Un monde seul et égoïste, un monde où l'unique moyen de ne pas sombrer est de fixer les étoiles le soir venu, polluées par les lumières inutiles des villes et des guirlandes à Noël, et se dire qu'elles seront toujours là si l'on se sent tomber...


Je vis dans un monde où l'on se gonfle les seins pour une soirée, un monde où les montres permettent d'envoyer des sms, en plus de ceux des smartphones, un monde sur-connecté où plus personne n'a cependant rien à se raconter.

Dans les rues chacun fixe son écran : Miroir, Miroir, dis-moi, dis-moi tout…


Je vis dans un monde où les petites filles se travestissent en pétasses, en putes, en femmes.

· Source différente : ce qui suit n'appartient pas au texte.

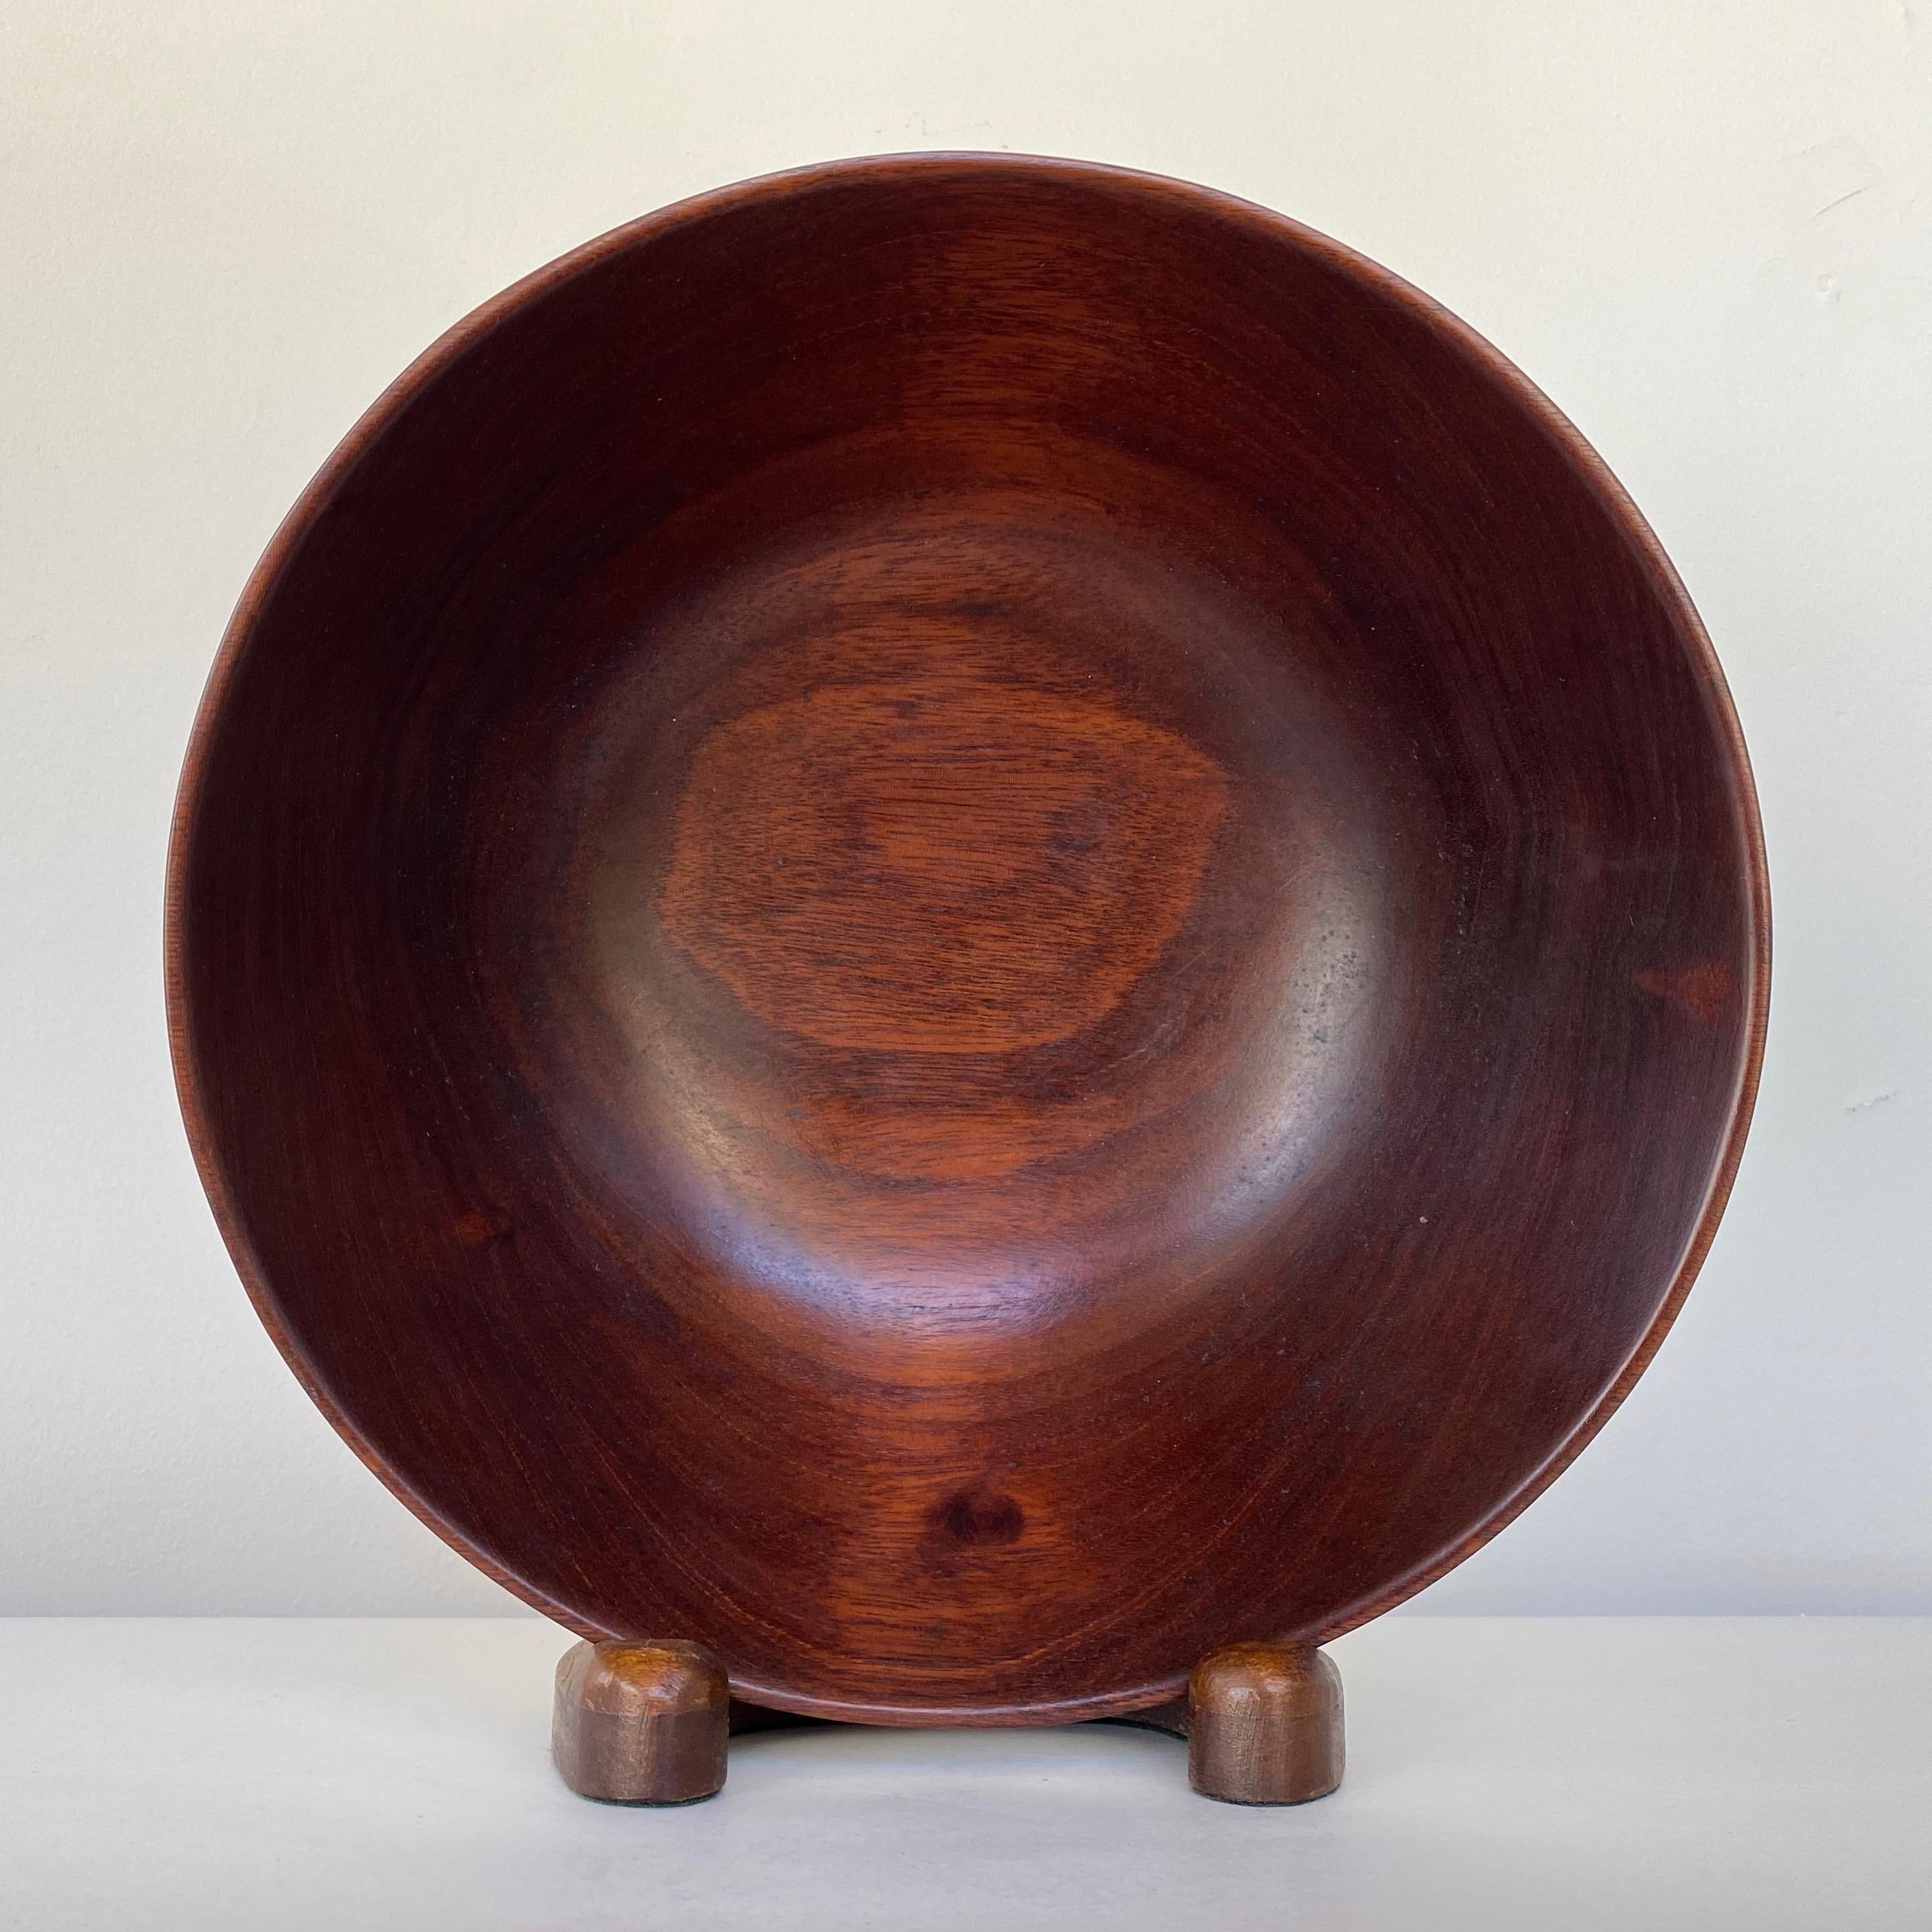 Bob Stocksdale Mahogany Turned Wood Bowl, Signed, 1960s For Sale 8

Les yeux mi-clos, charbonneux, ces gamines ne semblent absolument pas se douter des loups qui rôdent autour de leurs irrésistibles petits corps.


Je vis dans un monde où il faut aller vite, toujours plus vite. Ou il faut courir, à perdre haleine... à perdre pied. Je vis dans un monde qui ne connaît plus la patience, un monde où c'est la course à celui qui sera le plus rapide, le plus efficace, le plus rentable. Le profit, encore, toujours, ici, et là, le profit qui sur son trône donne les ordres.


Je vis dans un monde où le harcèlement est proscrit, mais où l'on vous bombarde cependant d'images publicitaires et qu'importe l'overdose, après tout : faut bien consommer et faire des feux d'artifice avec le fric. Et vous n'imaginez pas combien d'années vous aurez passées en tout, le cerveau dans le tambour de leur machine, à la fin, quand il faudra faire les comptes. Oui, quand y'aura plus d'avenir, juste quelques minutes sur un lit d'hôpital, sans plus personne autour, juste la solitude, la seule qui restera alors pour vous tenir la main.


Un monde où de publicités en publicités, on sent l'humain qui régresse, qui après avoir prôné la connerie comme exemplaire, en applique alors rigoureusement les préceptes.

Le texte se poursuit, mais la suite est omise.